Cette suite d’articles semble difficile à situer. Ils ont un
repaire commun : le chemin de Villemoisson par le pont du Breuil
via Longpont et d’autre part à la forêt. L’existence d’une pièce de 60
arpents ; « les jardins de l’hôtel des seigneurs ».

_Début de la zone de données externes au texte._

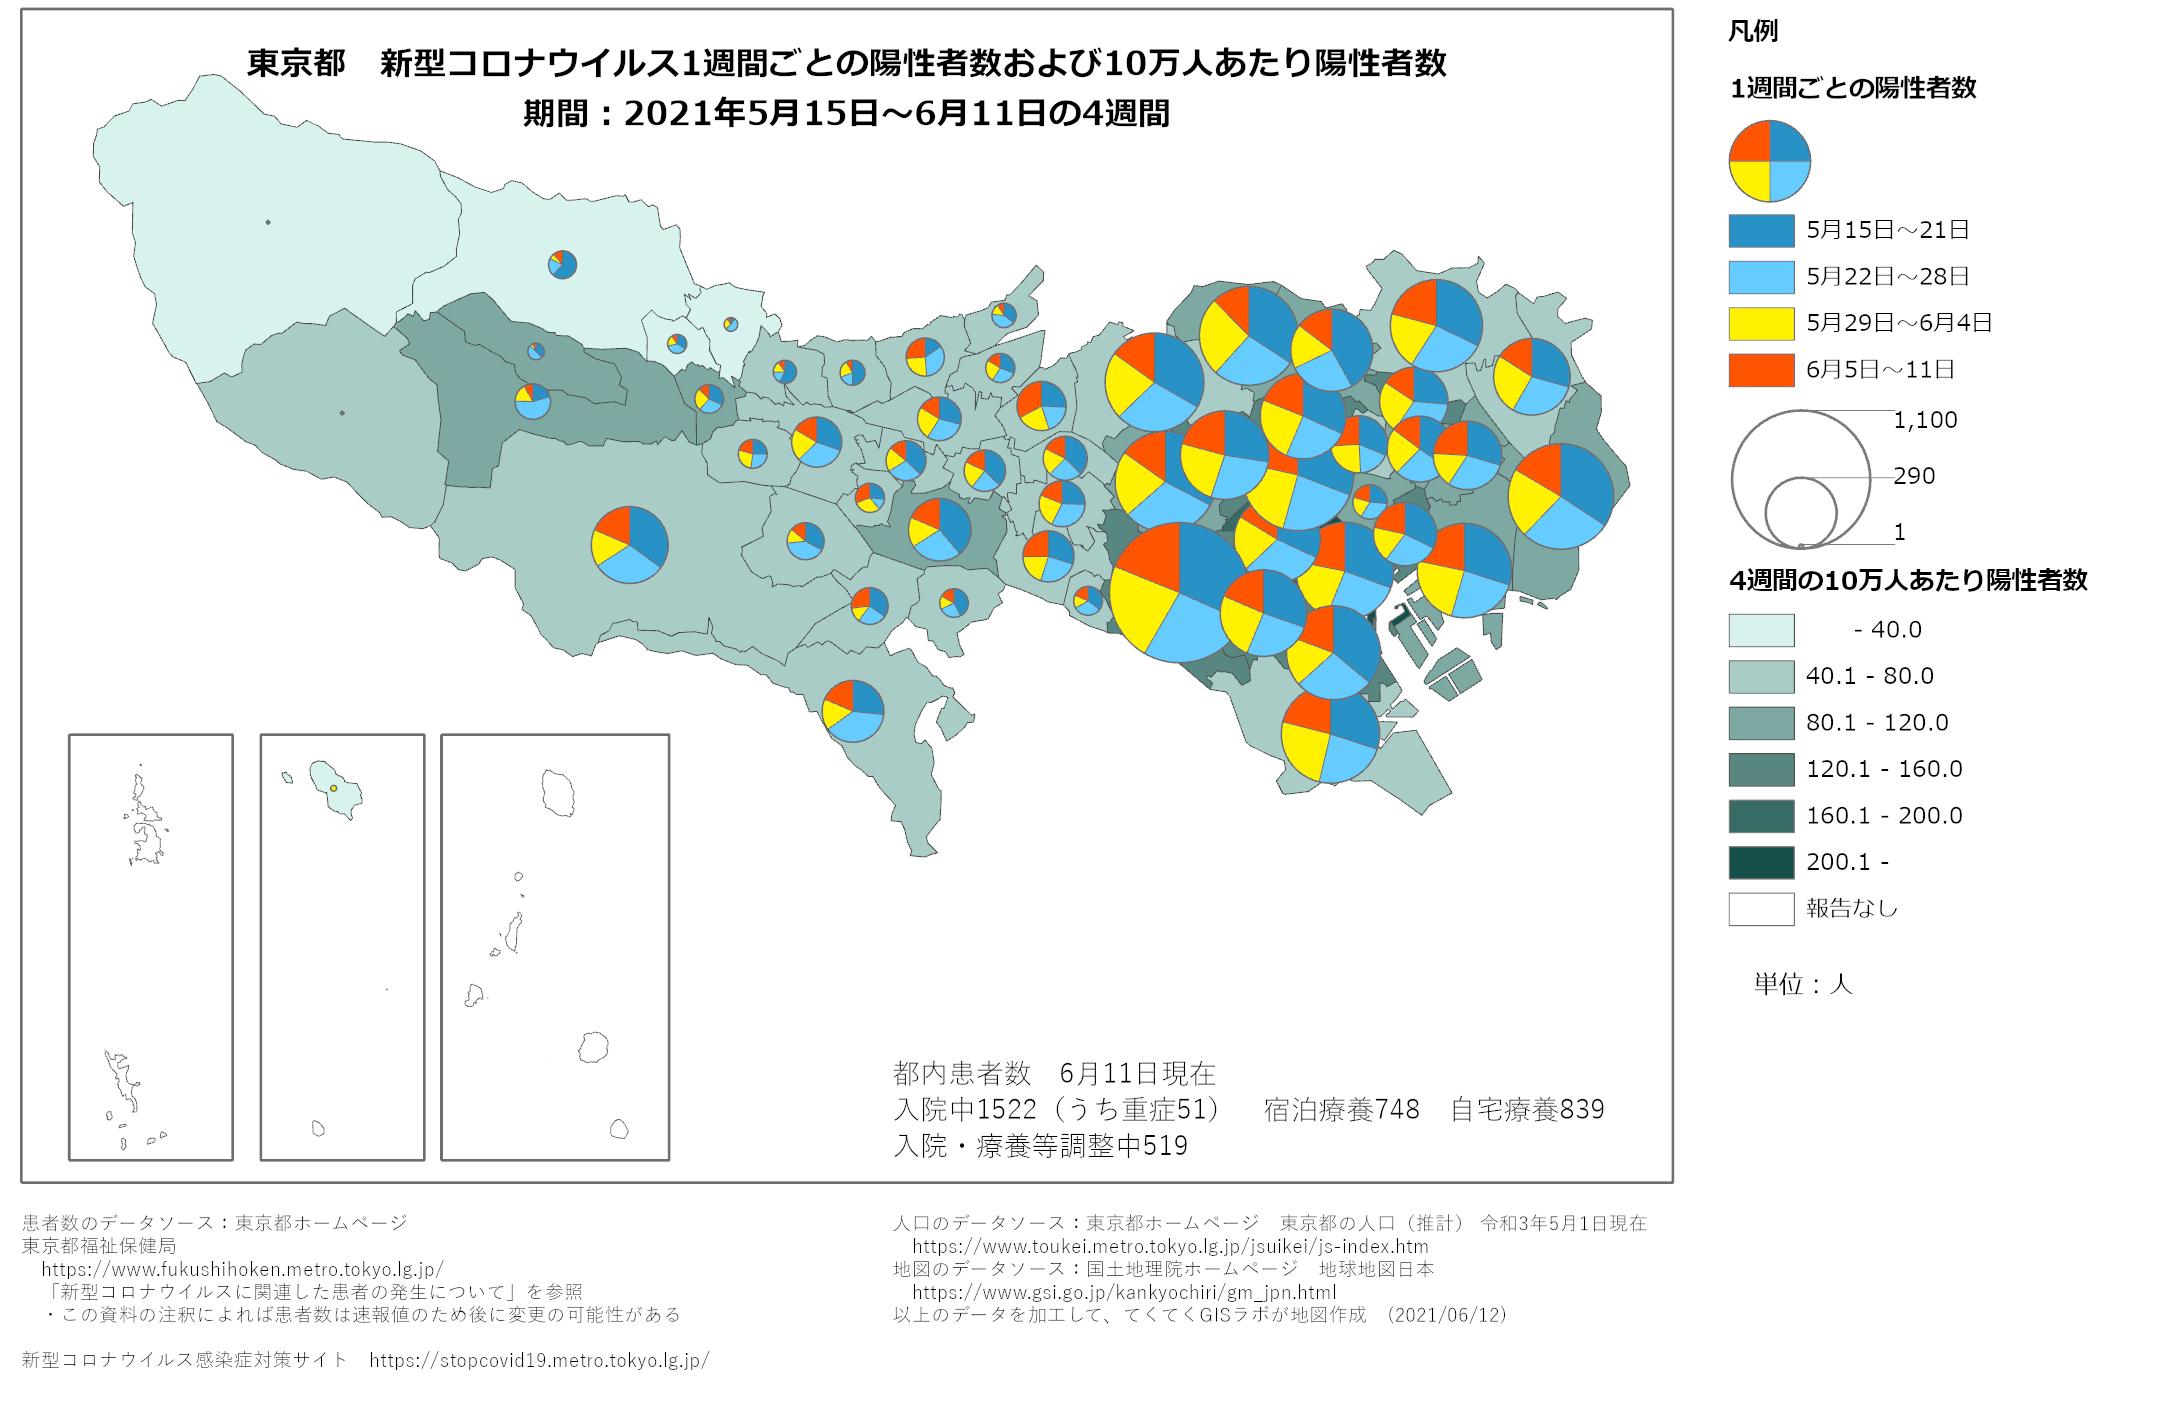 1週間ごと感染者数、東京都、5月15日〜6月11日

Le5 juillet 1483. « Renonciation faite par Yvonnet
Javary, laboureur demeurant à Grigny au profit de Christophe Fourquaut,
d'une « pourpris » (Ce qui est compris dans) de masures et jardin où
étoit une maison, grange, estable, cour, jardin derrière, contenant 3 arpents
où environ, tenant d'une part au chemin qui va de Villemoisson à Longpont
d'autre part à la forest; plus un jardin, masure, 5 arpents de terre et tous
autres héritages ».
Au même lieu : Le 25 octobre 1483, deux baux au profit
l’un à Pierre de Lanon, laboureur, l’autre à Pierre de la Croix aussi
laboureur, sur une maison, cour, jardin et deux arpents de terre au-dessus.
Puis le 15 novembre 1488, « Acquisition faite par Perrette Hesselin, veuve
de Christophe Fourquaut, tant pour elle que pour ses enfants mineurs, seigneurs
de Villemoisson, de Michel Burelier (où Burdier), demeurant à Petit-Vaux
paroisse d'Epinay. D'une maison masure, cour et jardin. Tenant ces deux
articles aux jardins de l'hôtel desdits seigneurs, et au chemin par lequel on
va au pont du Breuil d'une part, et d'autre à la forest desdits seigneurs; d'un
bout aux 60 arpents de monseigneur Antoine de Châtillon et sa femme, et d'autre
aux seigneurs de Villemoisson ». (Les jardins des seigneurs sont peut-être
en haut de la rue Ferrande et 60 arpents au-dessus des Grandes masures).